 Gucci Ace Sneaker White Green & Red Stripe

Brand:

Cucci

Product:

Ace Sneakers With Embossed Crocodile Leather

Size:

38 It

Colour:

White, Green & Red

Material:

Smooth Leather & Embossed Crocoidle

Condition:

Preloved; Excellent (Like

****************************************

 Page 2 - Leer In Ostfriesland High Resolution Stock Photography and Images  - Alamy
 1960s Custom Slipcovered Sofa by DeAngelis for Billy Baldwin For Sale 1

****************************************

Work item:
Above are the records; repeat exactly the lines from the one holding "Smooth Leather & Embossed Crocoidle" down to the one holding "Preloved; Excellent (Like", end lines included.

Output of the task:
Smooth Leather & Embossed Crocoidle

Condition:

Preloved; Excellent (Like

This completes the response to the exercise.